Indeed, this construct is pretty straightforward and there is little scope for disagreeing how you would go constructing an assessment (whoops, there’s another “construct”) to support it (though even in this example, different people might still disagree about how many times, over what sort of period, and in what range of settings this capability would need to be observed before one could infer mastery).

Here is another example (12:36):

Lets look at another construct in the National Curriculum: “Reading a wide range of books for pleasure”…

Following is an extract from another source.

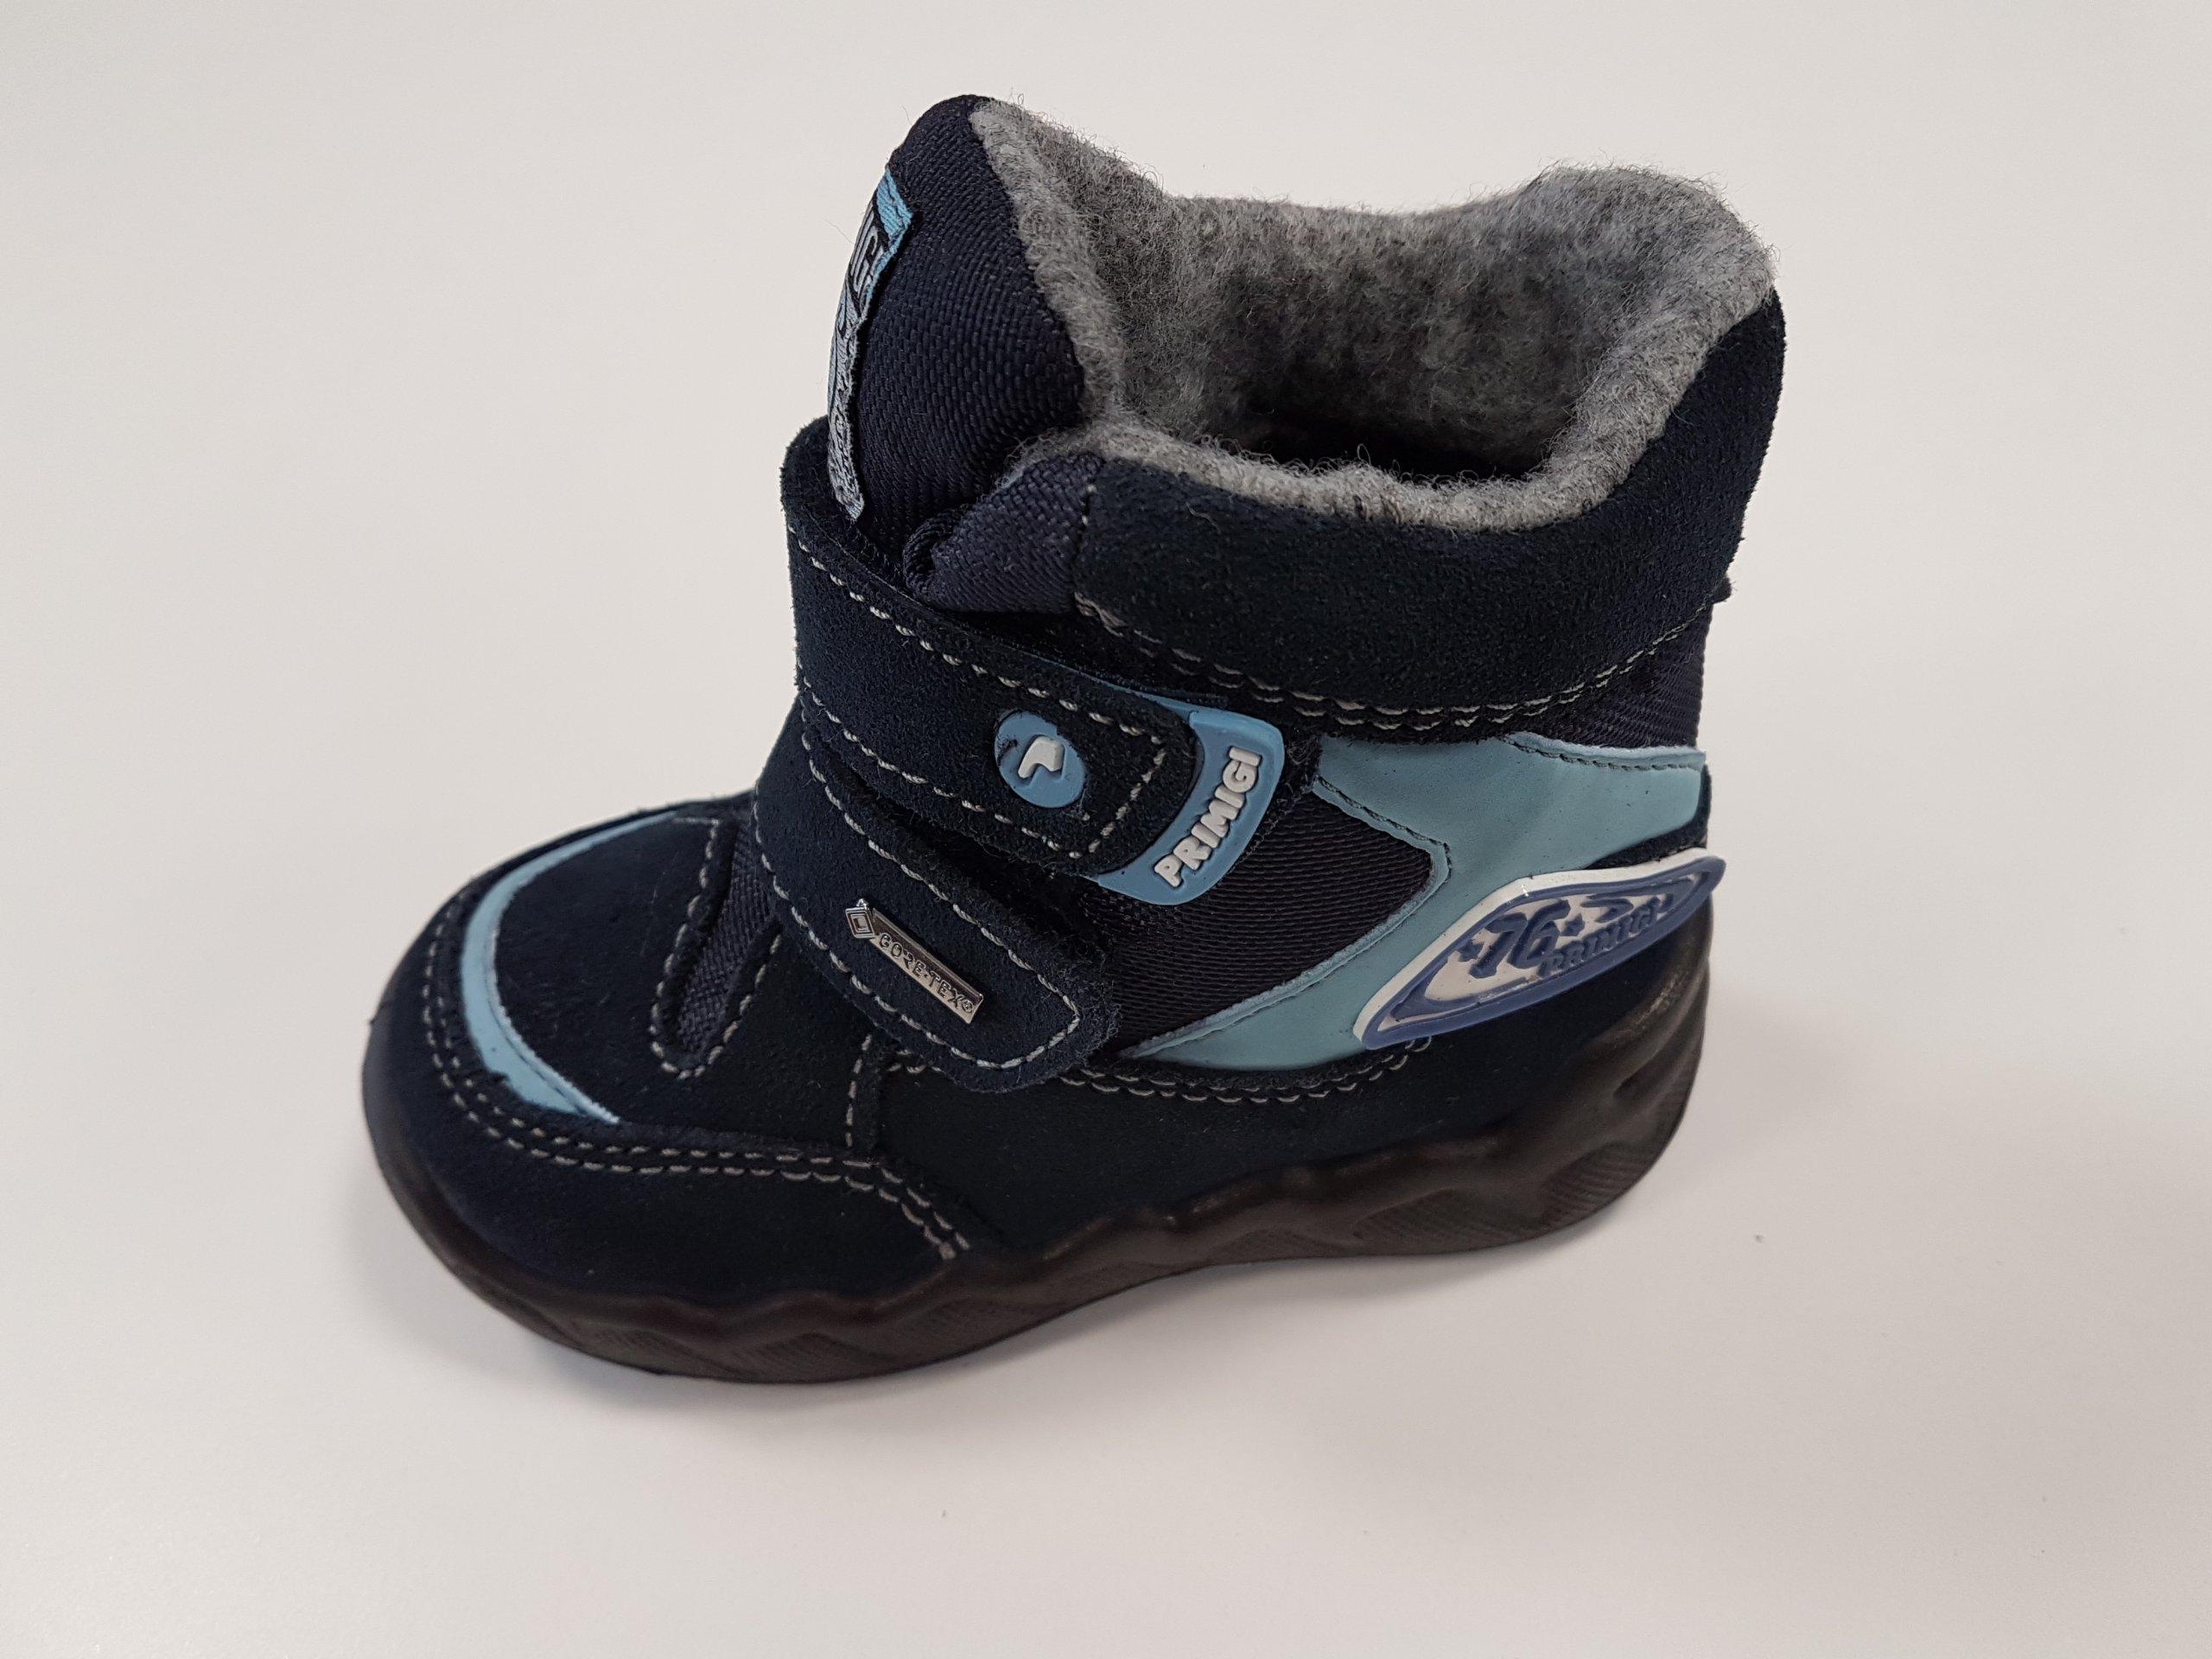 PRIMIGI śniegowce 85571/77, kozaki r 24 (15,8 cm

…and if you want to know exactly what this construct means, Oates explains it a little later (13:15):

So let’s look at “reading a wide range of books for pleasure”. They are “reading”, they are not just scanning text – they’re reading and extracting meaning from it. They’re reading “a wide range” of books—so that’s a construct too—and they’re “books”, they’re not other things. And they’re “enjoying” it – so, that’s a construct too. We put them all together and we get a very specific construct that we can assess.

Is it really that specific? This construct strikes me as being far less clear—and no extra clarity is introduced by going through the definition one word at a time. At exactly what point does “reading” become “scanning” and how would you create an assessment to make this distinction and how confident could you be that your assessment would produce a similar outcome to somebody else’s assessment, based only on a reading of this short descriptor? How would you define “a wide range” both in terms of quantity and quality of reading: one book a week? one book a month? one book a term? and how many different, authors, genres, nationalities and periods are required to satisfy the requirement for “a wide range”? And what exactly is the definition of a “book”? Does it not count if it is on the iPad or if it comes in at under 100 pages?

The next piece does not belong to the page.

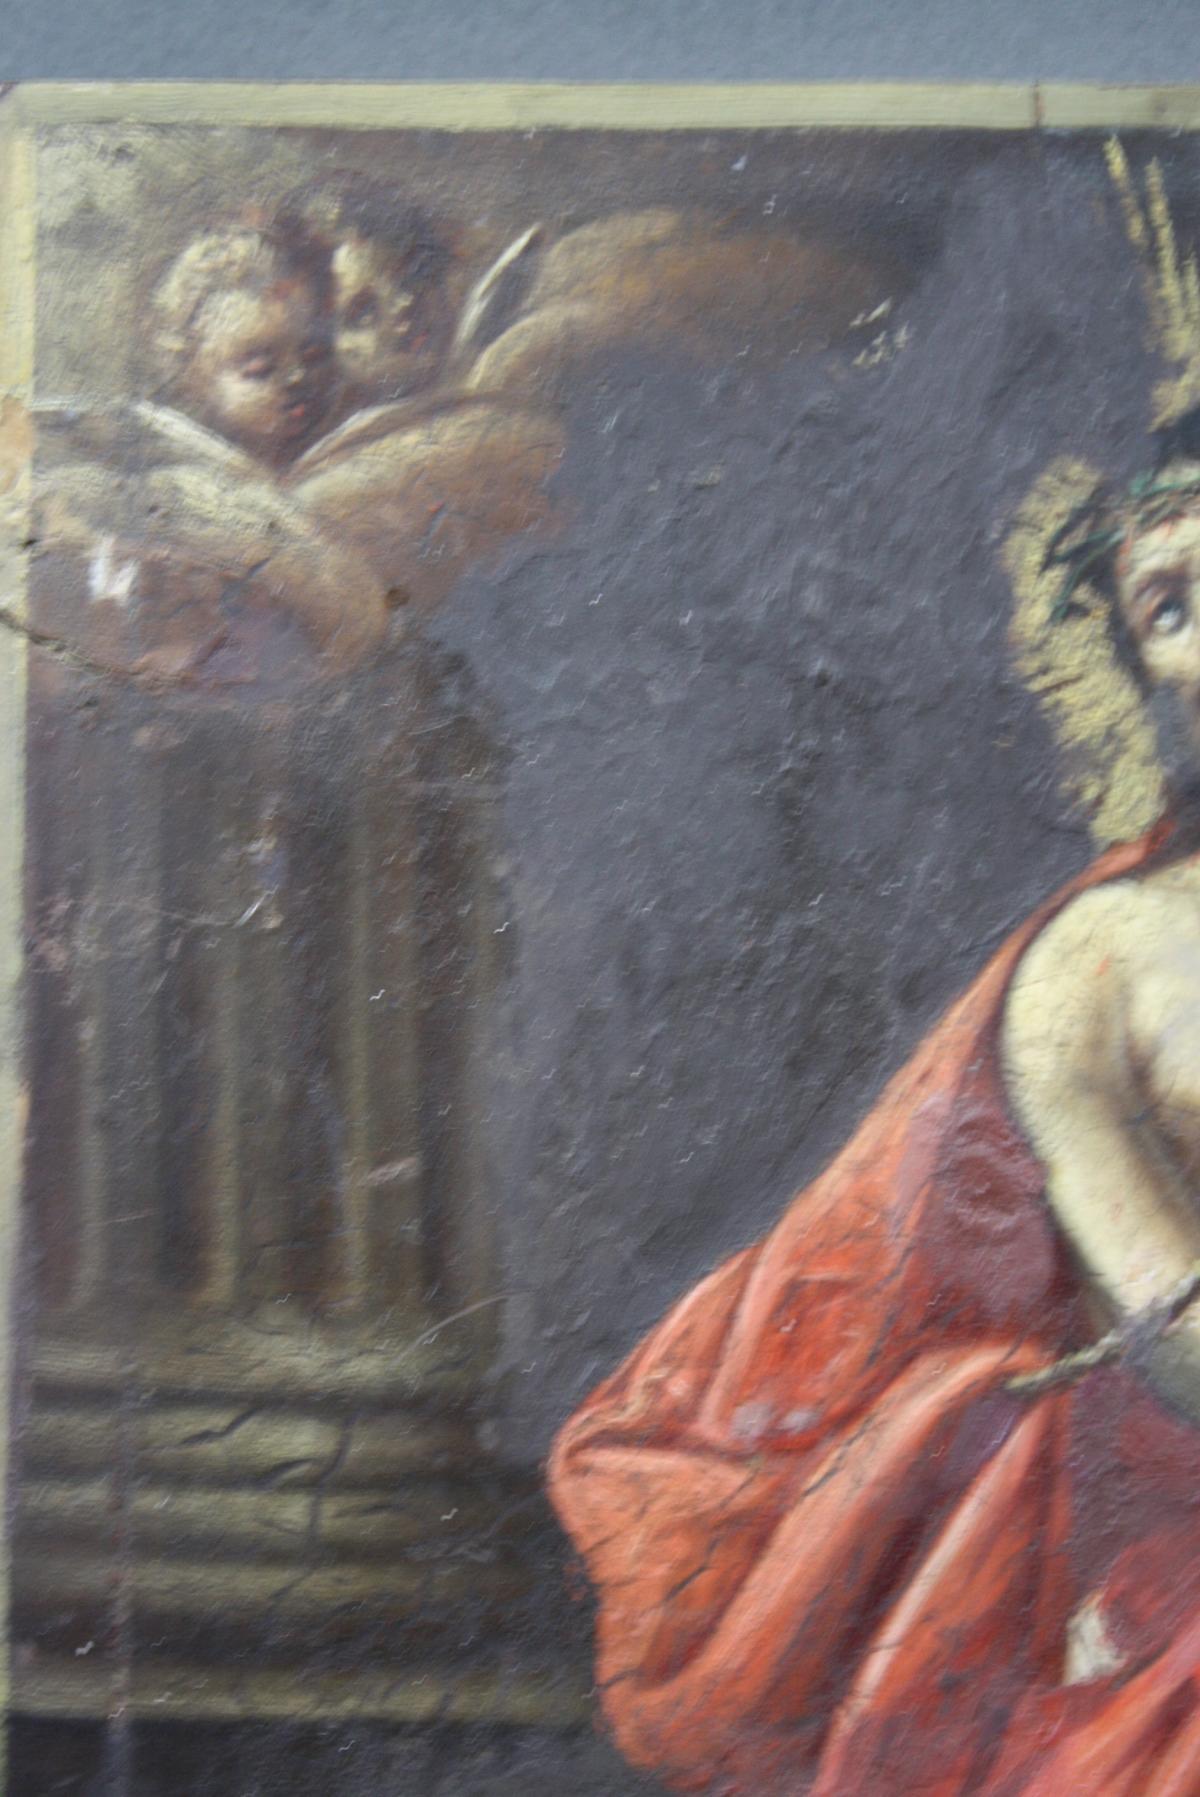 Ikone, Hl. Johannes der Täufer-3

I would anticipate that different teachers would make wildly different interpretations of the definition, however simple and apparently straightforward it may initially appear to be. And we are still in relatively straightforward territory. A “construct definition” (a.k.a. Statement of Attainment) picked randomly from the 1988 National History Curriculum, required that students should be able to

distinguish between different kinds of historical change (AT1 Level 5a)

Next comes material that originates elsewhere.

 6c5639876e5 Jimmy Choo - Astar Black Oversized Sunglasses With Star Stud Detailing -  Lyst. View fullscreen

a criterion with almost no indication whatsoever of the quality of work or sophistication of cognitive function that is required.

Terry Freedman has recently made a very similar argument on his blog:

What does the description actually mean? For example, a statement like “They use ICT to structure, refine and present information in different forms and styles for specific purposes and audiences.”, from the old ICT Programme of Study can be open to question. What, for instance, does “different … styles” actually mean? If a student changed the fonts in a document and saved it under a different name, would that count? Presumably, just changing the font, which is really easy, wouldn’t be the issue. Rather, changing the font to a specific font, for a particular type of audience, would be what matters. (That is, of course, if you think font-changing is relevant in the first place.)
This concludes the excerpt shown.